するとりんは、急に大きな声でシドに向かってそう叫んで、立ち上がった。

「え…?」

シドは目を見張り、そしてそこにいた誰もが、りんの方へと目を向けた。
すると、りんは天音の手を引いて、彼らがいたテントを出て、外へとズンズン歩きだした。

「え?ちょ、りん?」

そんな突然の出来事に、天音は何が何だか分からないうちに、りんに手を引っ張られるがまま、外へと出て来てしまった。

「行くで!天音!!」

しかし、豆鉄砲を食らったような天音に構う事なく、りんはグイグイと天音の腕を引っ張って、進んで行く。

「え…ちょ!」

りんと天音はついに、馬が繋がれている場所までたどり着いた。

「オイ!りん!」

もちろんシドは必死にその後を追う。

「今までありがとなシド。
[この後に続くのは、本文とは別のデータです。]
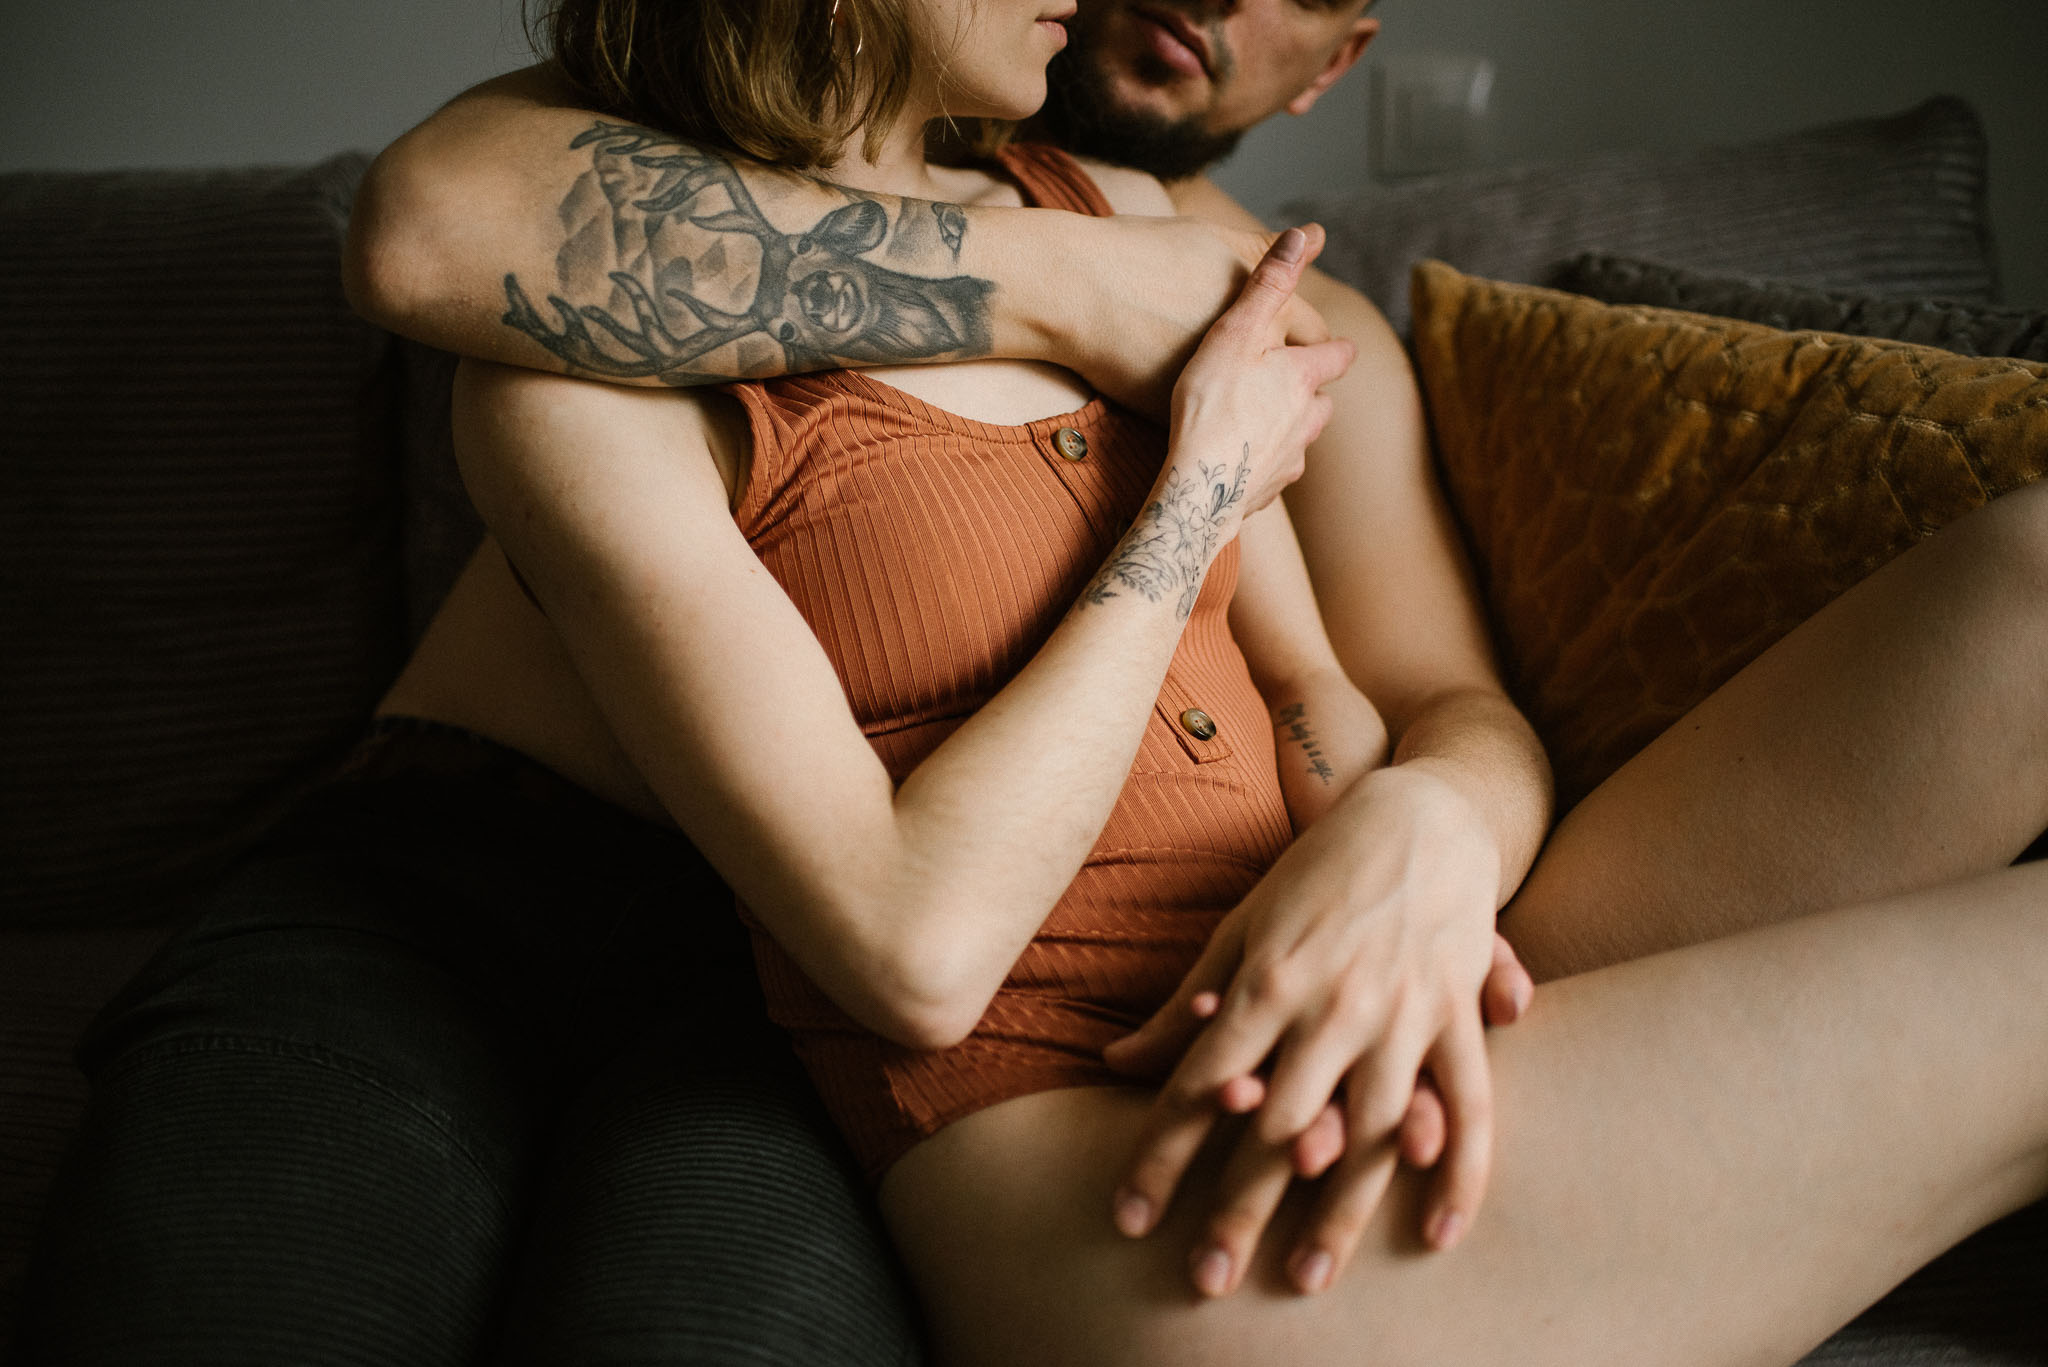 Partnerzy przytulają się na kanapie - sesja sensualna pary lifestyle w Poznaniu

」

焦りまくっているシドに向けて、あっさりとそんな挨拶を口にしてりんが笑った。

「おい。バカ言うな!」

シドは何が何だかわからず、ただ叫ぶ。
しかし、これだけはわかる。
これからが大事な時期なのに、りん達を簡単に手放すわけにはいかない。
今は彼らの力が必要なのだ。
しかし…。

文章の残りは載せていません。